Metropolitan News-Enterprise

 

Tuesday, April 27, 2010

 

Page 1

 

U.S. High Court Denies Richard Fine’s Bid for Release

 

By KENNETH OFGANG, Staff Writer

 

The U.S. Supreme Court yesterday denied disbarred Beverly Hills attorney Richard I. Fine’s application for immediate release from custody.

The justices, without comment, rejected Fine’s effort to leave the Los Angeles County Jail, where he has been confined since March of last year. Los Angeles Superior Court Judge David Yaffe ordered the jailing after finding Fine in contempt for refusing to answer questions at a judgment debtor exam.

Fine’s petition for writ of certiorari remains pending.

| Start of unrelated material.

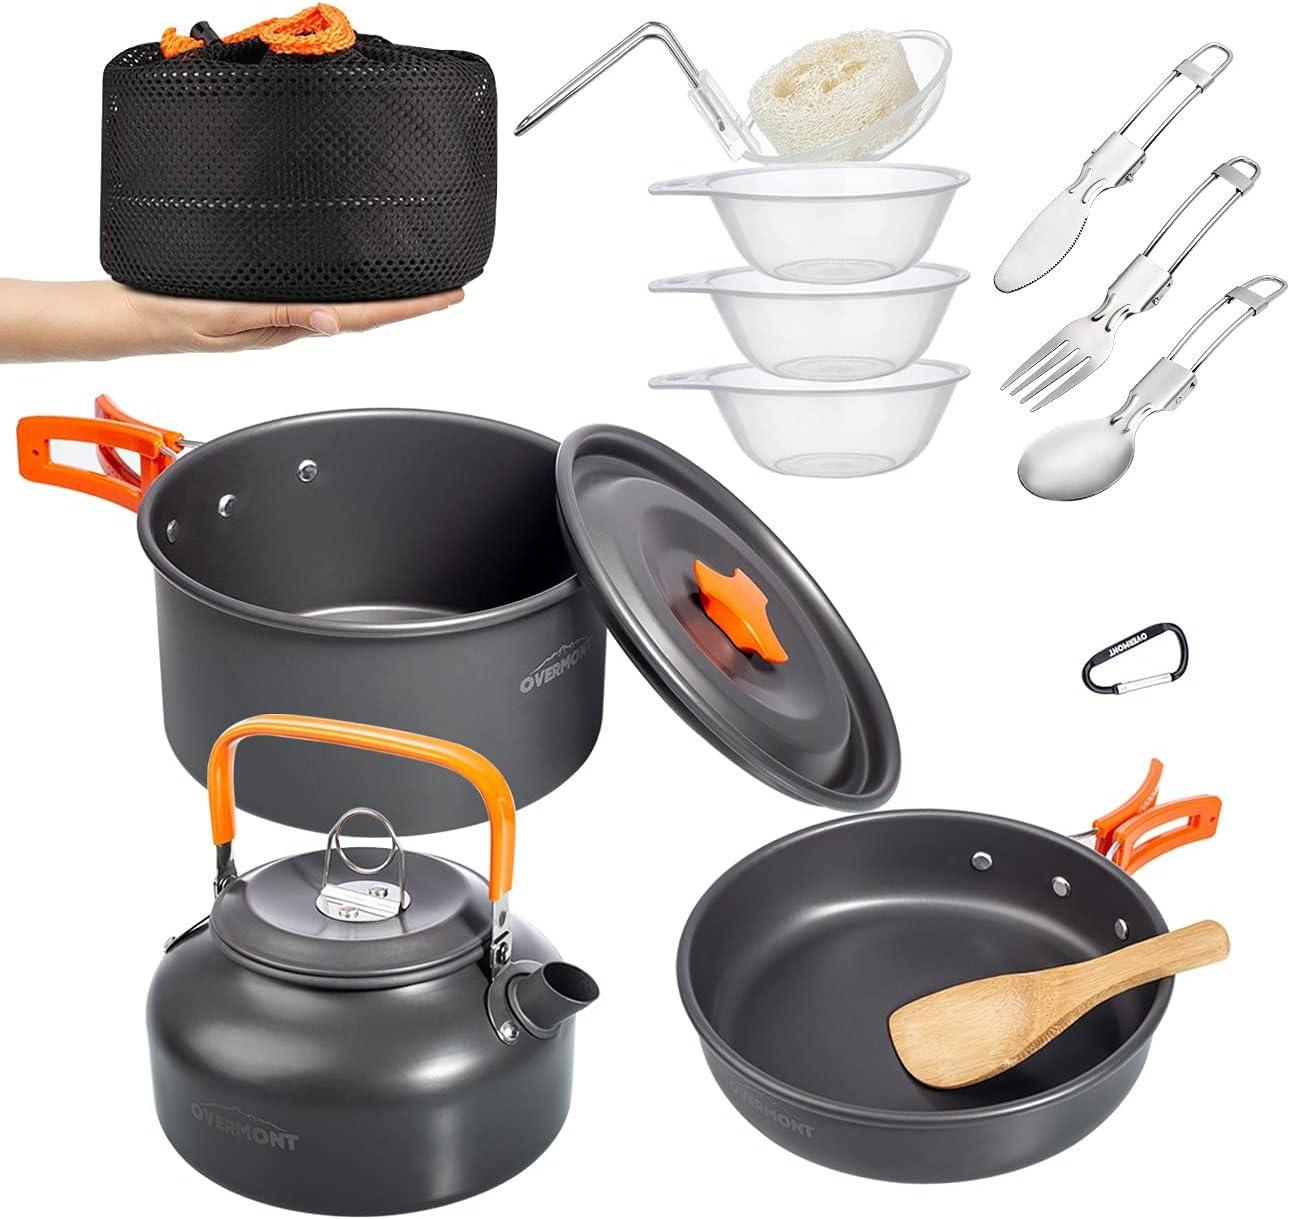 Overmont 14Pcs Kit de Utensilios Cocina Camping Olla Sartén Tetera Vajilla para Acampada Senderismo Excursión al Aire Llibre de Aluminio

A response is due from the county May 17.

In a statement released on the website of The Full Disclosure Network, an organization supporting Fine, and attributed to a telephone conversation with Fine from jail, the attorney said his jailing violates the precedent established by then-Justice William O. Douglas in ordering the release of reporter William Farr after 46 days in jail.

Farr claimed that his continued imprisonment for refusing to disclose the sources he used for a Los Angeles Herald Examiner story about Charles Manson and his followers violated the First Amendment.

He subsequently won a ruling from this district’s Court of Appeal in In Re Farr, 36 Cal.App.3d 577 (1974), which ordered his release on the basis of the state Constitution.

The court held that a coercive contempt commitment for disobeying a court order becomes punitive, and thus subject  to a five-day limit, “where disobedience of the order is based upon an established articulated moral principle” and there is no “substantial likelihood that continued commitment will accomplish the purpose of the order upon which the commitment is based.”

Fine predicted that the Supreme Court will ultimately rule in his favor, but said he “could be in jail [unnecessarily] all the way in to the next term” of the high court, which will run from October of this year to June of next year.

Fine turned to the nation’s highest court after being denied habeas corpus relief by  U.S. District Judge John Walter of the Central District of California and by the Ninth U.S. Circuit Court of Appeals.

Fine, 70, contends that he was denied due process and a jury trial when he was jailed. He also claims to be the victim of a vendetta by Los Angeles Superior Court judicial officers based on his litigation of suits in which he challenged Los Angeles County’s payment of benefits to Superior Court judges.

The judgment debtor exam was part of an effort to collect sanctions imposed on Fine by Yaffe in the case of Marina Strand Colony II Homeowners Assn vs. County of Los Angeles,  BS109420. Fine has continually argued that Yaffe should have disqualified himself from the outset of the case because he, like apparently every other Los Angeles Superior Court judge, has received benefits from the county over and above his state salary.

Yaffe said the argument was waived because Fine was aware of the payments at least 10 months before he raised the issue.

Fine was a member of the State Bar for 35 years before his disbarment last year for filing a stream of disqualification motions and other papers containing what the State Bar Court found to be false and frivolous charges regarding members of the state bench.